*Your instructions*:
Begin at the line below that holds "Infographic elements data" and end at the line that holds "Solution:118.51 as a fraction is 11851/100", transcribing each line exactly and skipping any picture.

** Entries shown follows **

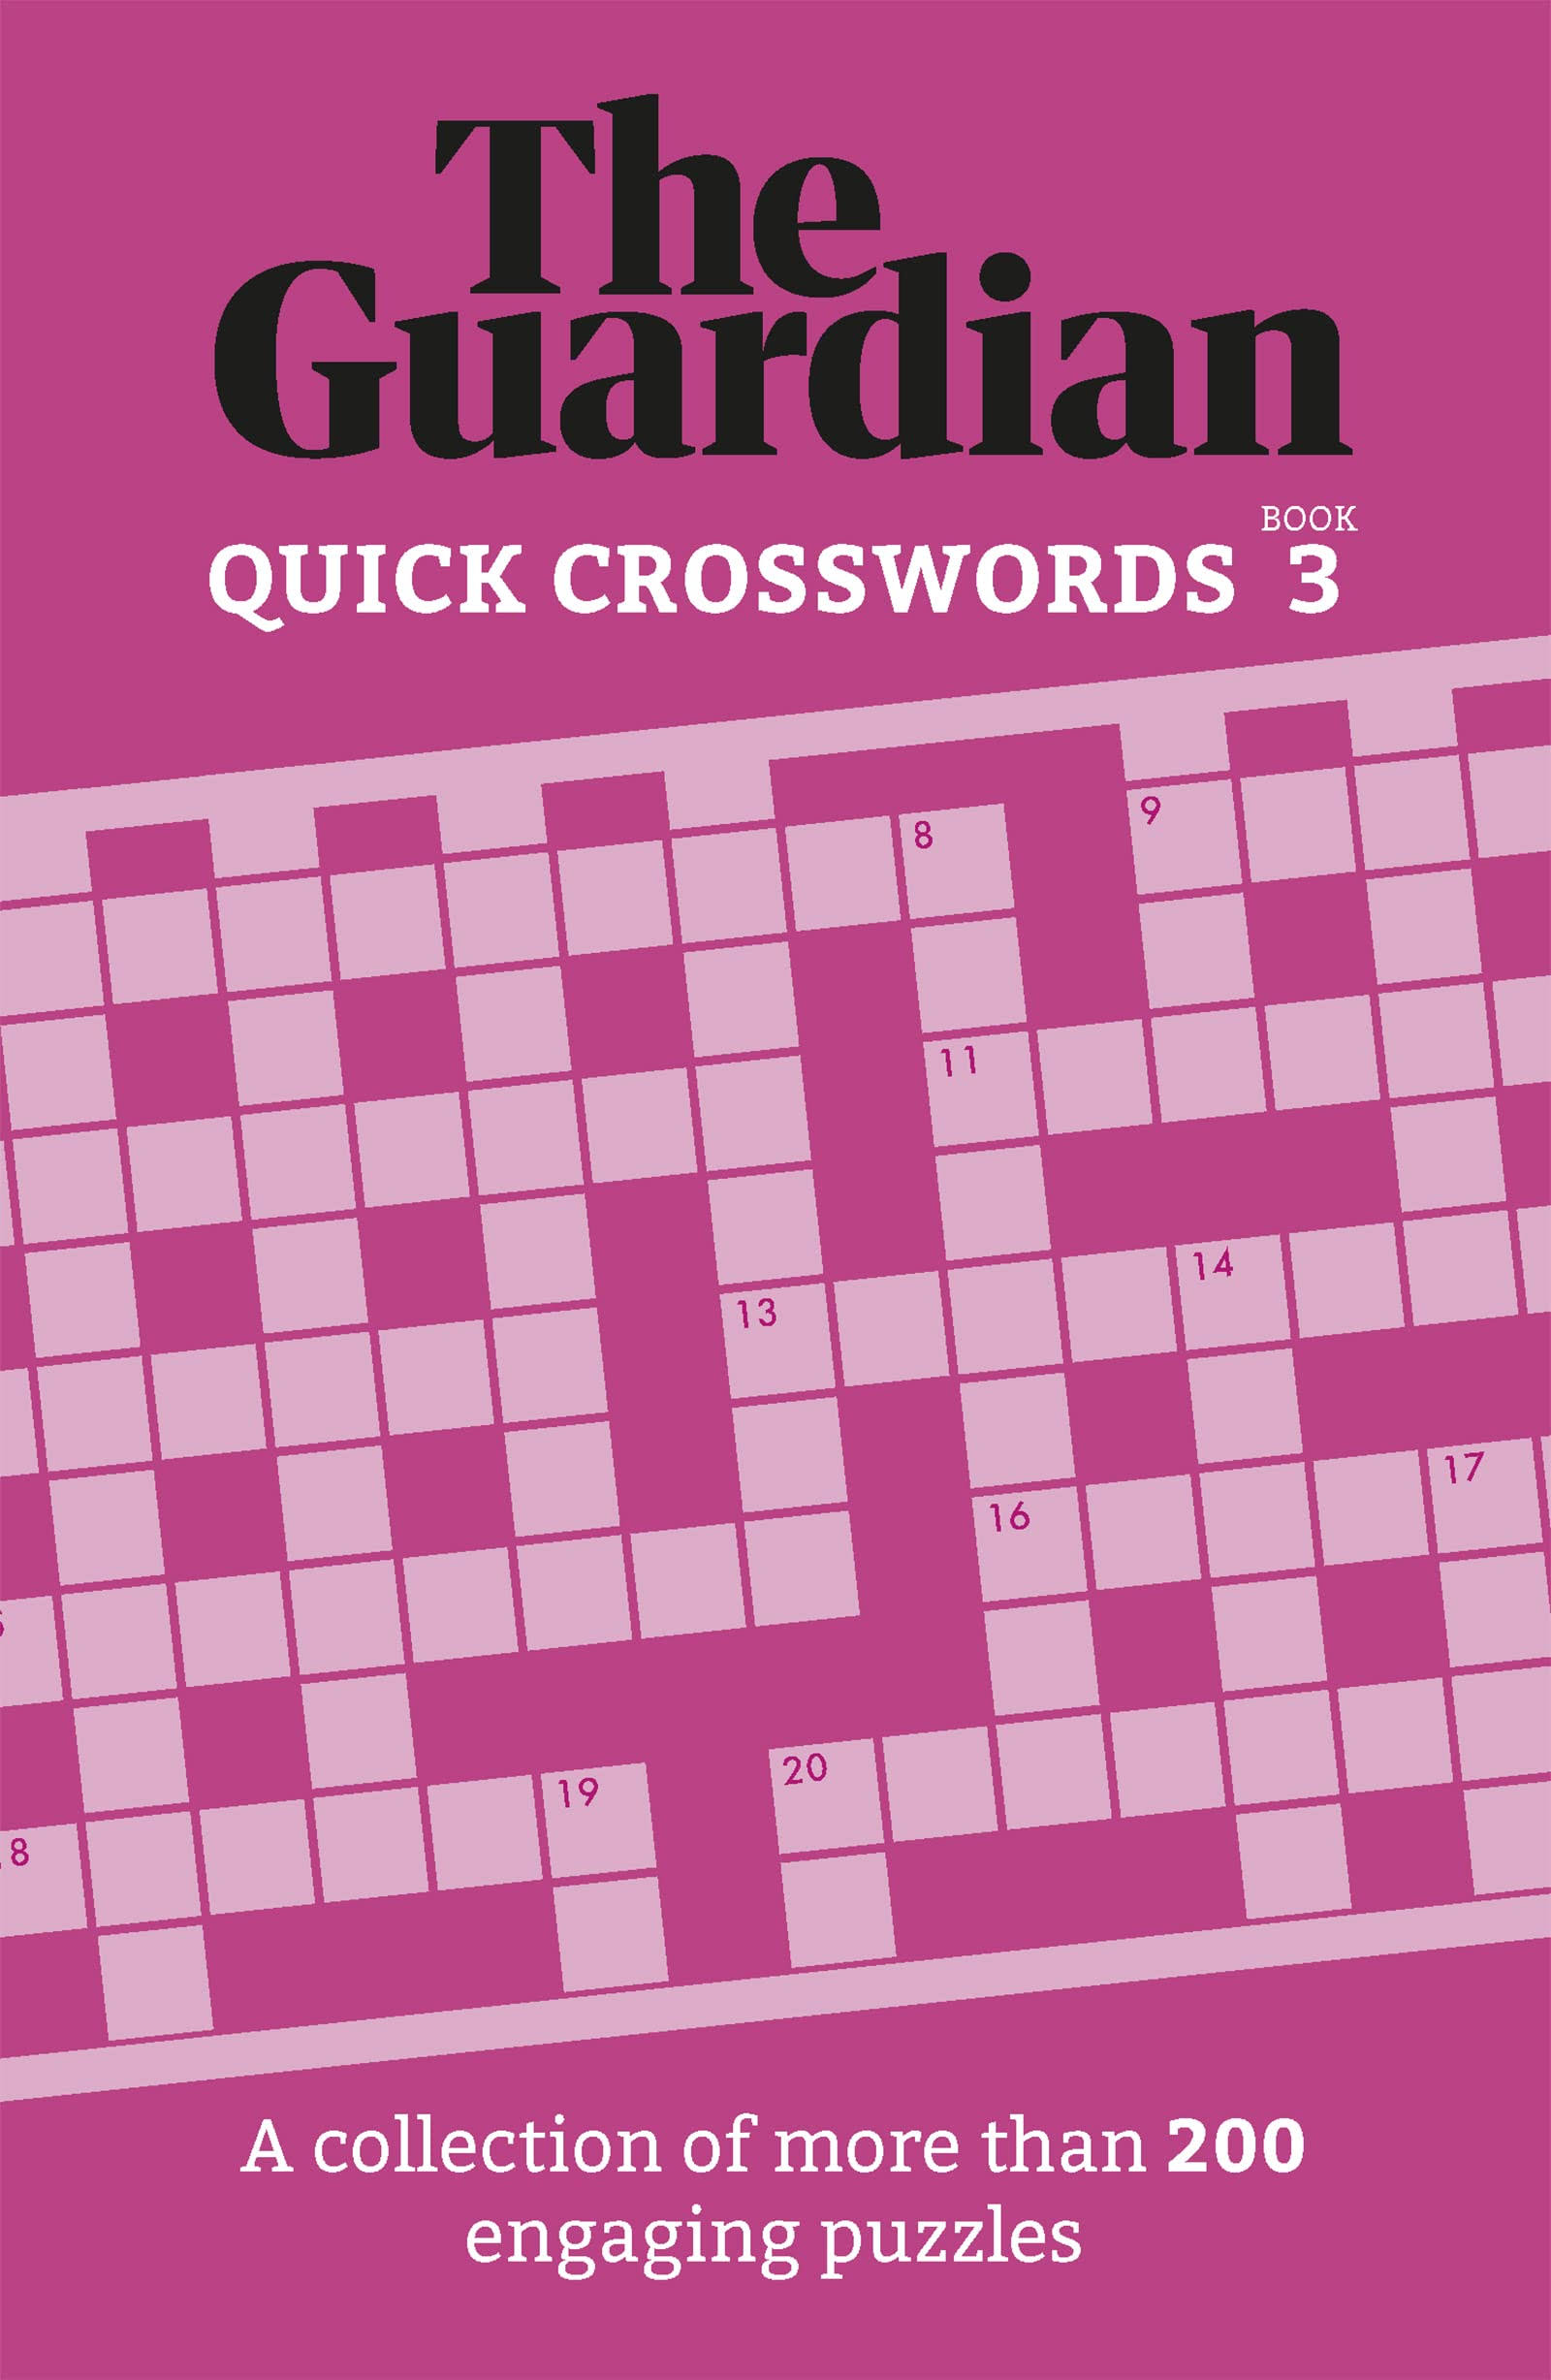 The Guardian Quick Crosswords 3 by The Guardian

** End of Entries shown **
** Entries shown follows **

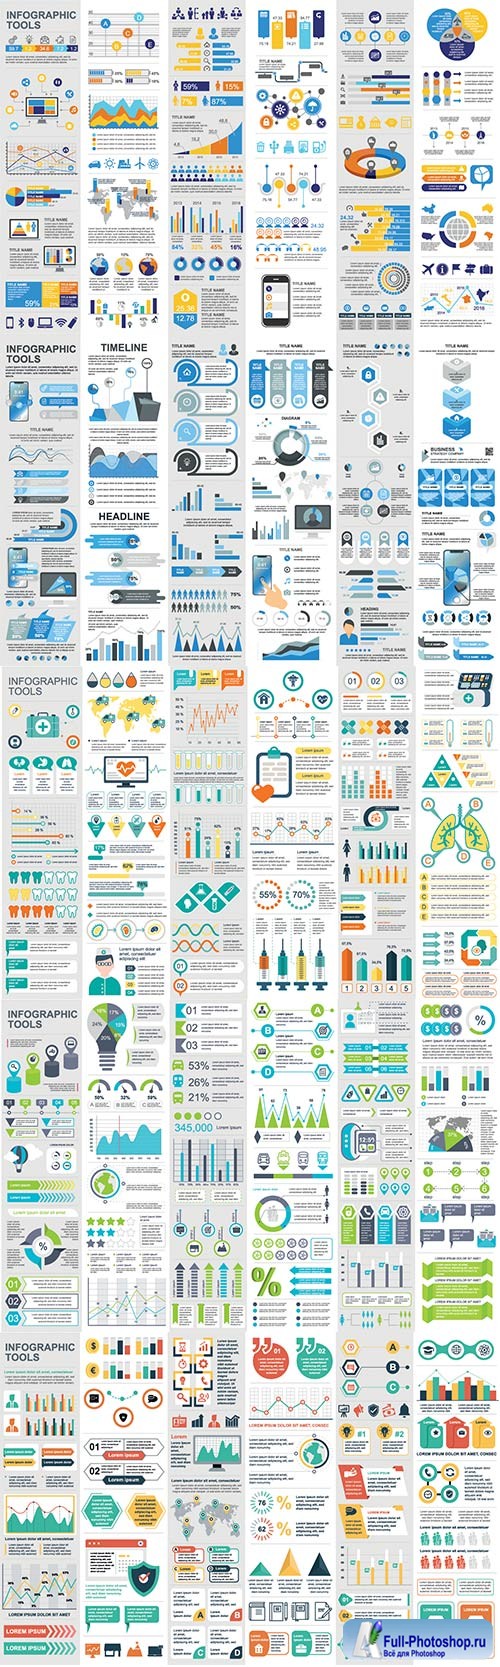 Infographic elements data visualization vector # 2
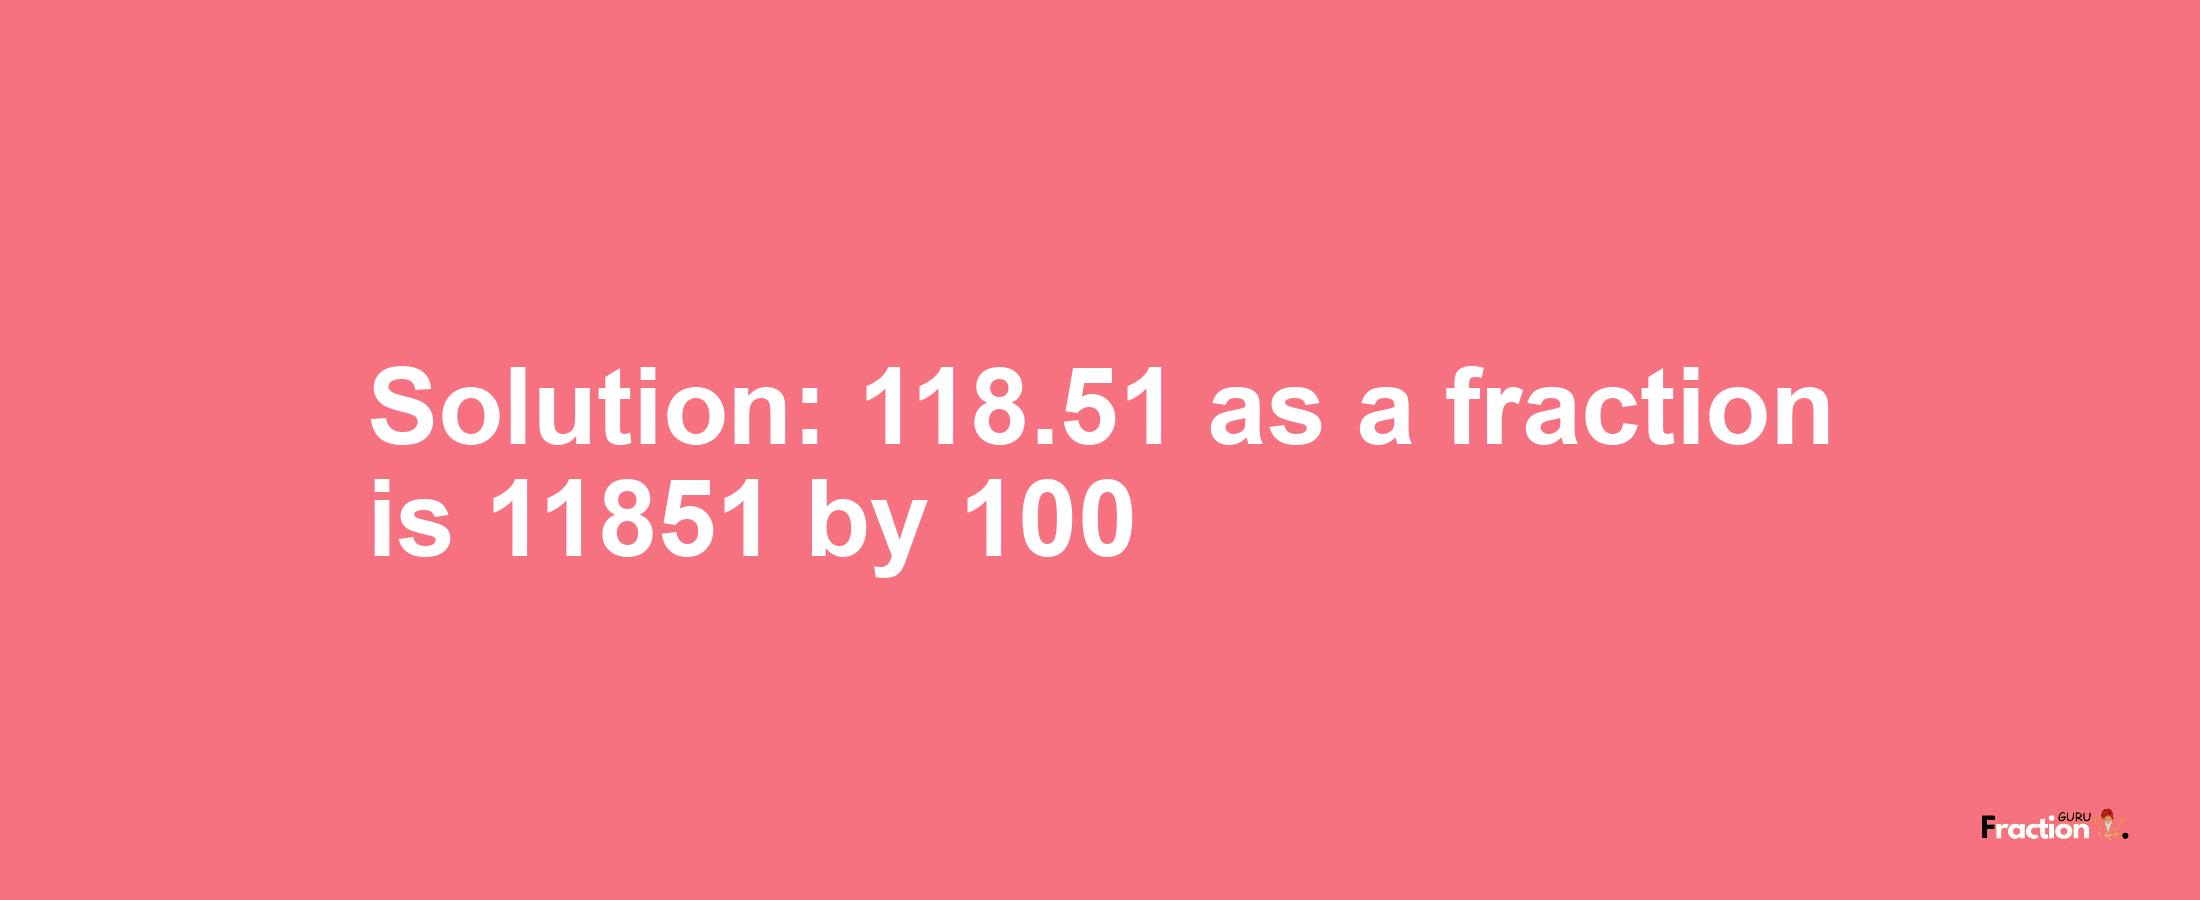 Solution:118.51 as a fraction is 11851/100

** End of Entries shown **

*Your response*:
 Infographic elements data visualization vector # 2
 Solution:118.51 as a fraction is 11851/100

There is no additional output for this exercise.